Whenever I write a poem, the experience for me is always an intensely visual one. The aspects of each individual word (denotation, connotation, etymology, sound) and the ways in which words are arranged always create very crisp, detailed images in my mind. When I decide to reword a sentence I'm not directly changing the words so much as I am manipulating the picture in my head, then mapping new words to that picture.

So when I write poetry, it feels less like I'm writing and more like I'm painting an elaborate picture. Does anyone else use that sort of synesthetic thinking when writing? Does anyone think that there are advantages/disadvantages to this technique?
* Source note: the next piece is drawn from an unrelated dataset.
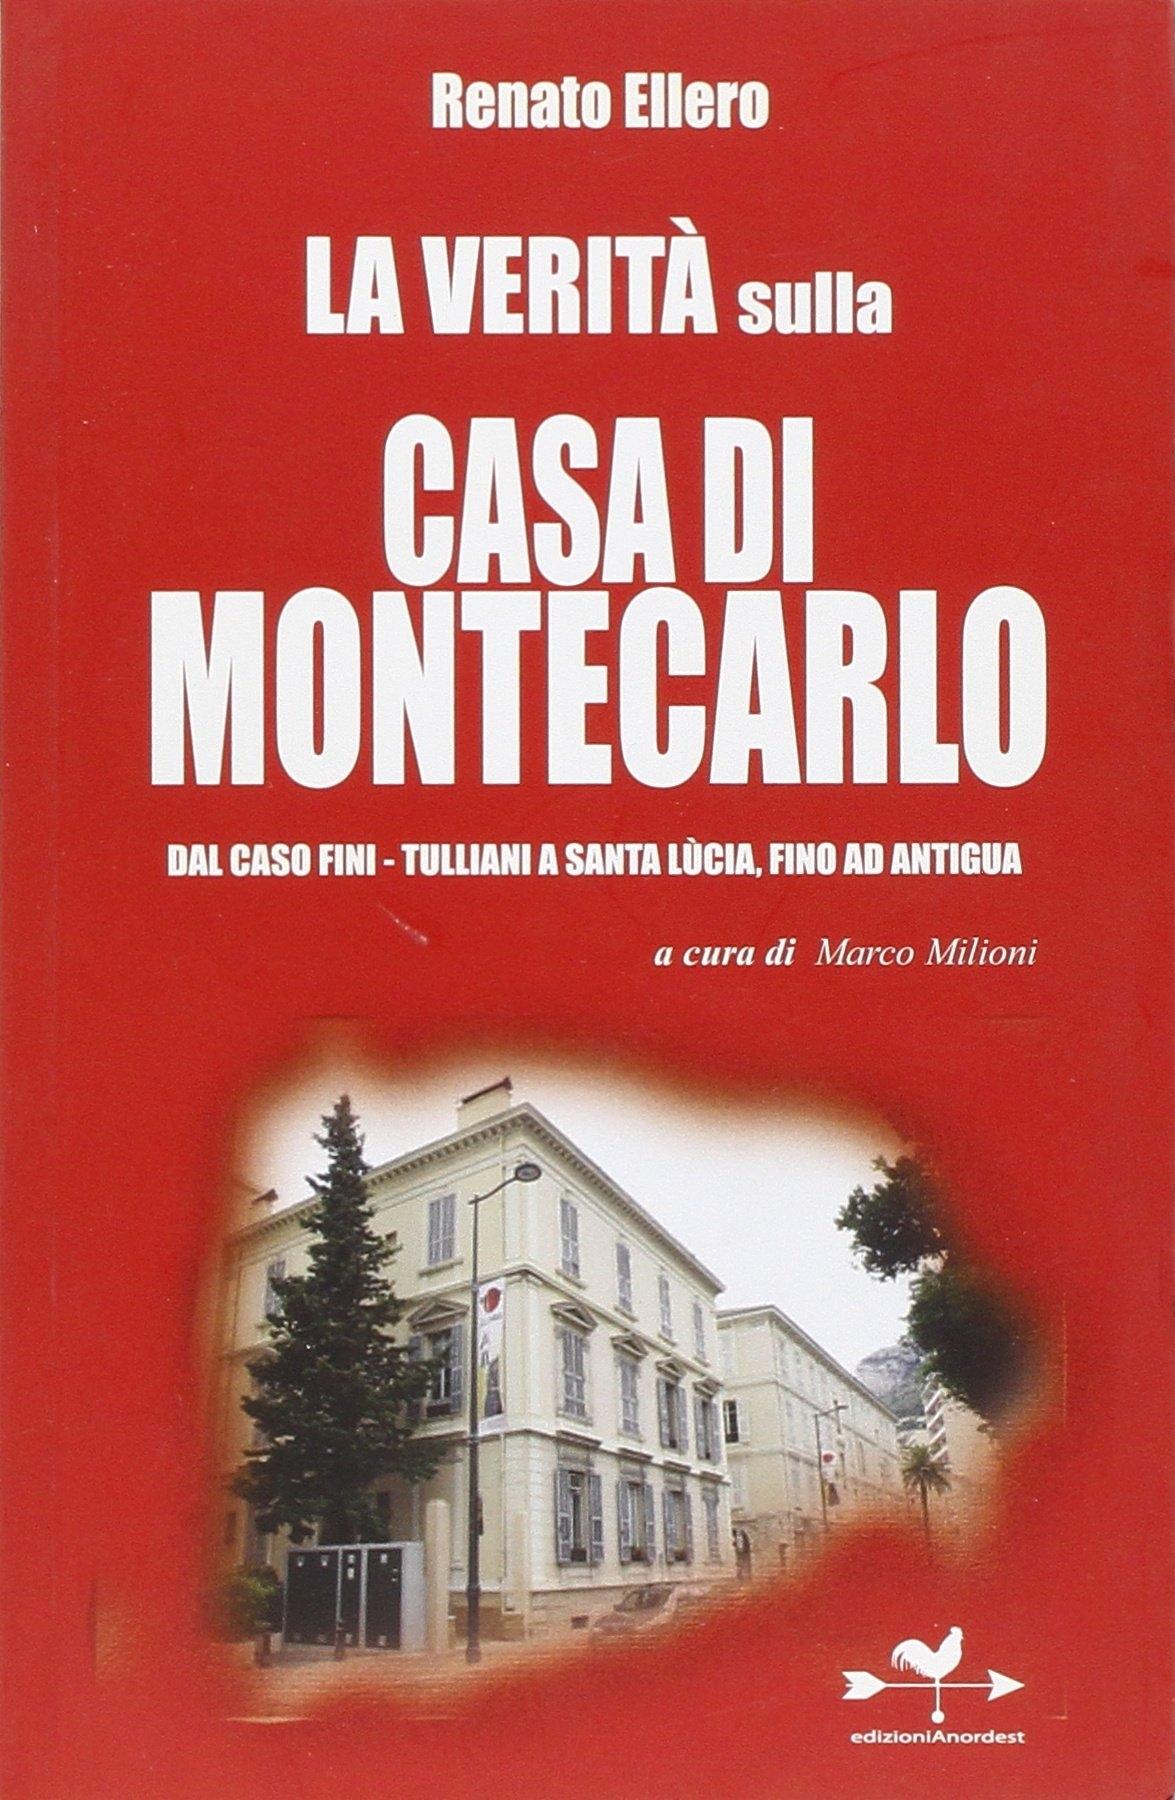 La verità sulla casa di Montecarlo.

I now open the floor to discussion.


----------



## Conker (Oct 14, 2012)

I don't write a whole lot of poetry, and I really don't write a whole lot of freeform poetry. For me then, it sort of boils down to "what do I want to say and how can I say while remaining in meter, rhyme, and line length." I guess it becomes more of a language puzzle, though I tend to stick with the imagery more than anything.


----------



## Sweet Pea the Malamute (Oct 22, 2012)

I go through a very similar experience  Generally, my poetry is in a narrative style, which tries to evoke the emotional 'reaction' to a certain event/memory. And in doing so, word choice is a major consideration, especially connotative meaning, and the way the words sound together, the rhythm. I don't write in rhyme, but I always read my works aloud as I edit and revise them, to get a feel for the language  as spoken, as heard. But I do try to create a total 'picture' tactile, visual, and otherwise.

I'm going to finally go to grad school for an an MFA in writing, but I'm afraid I'll have to focus more on fiction, as there is not really any hope of poetry paying the bills...even though I think it's what I am better at doing.


----------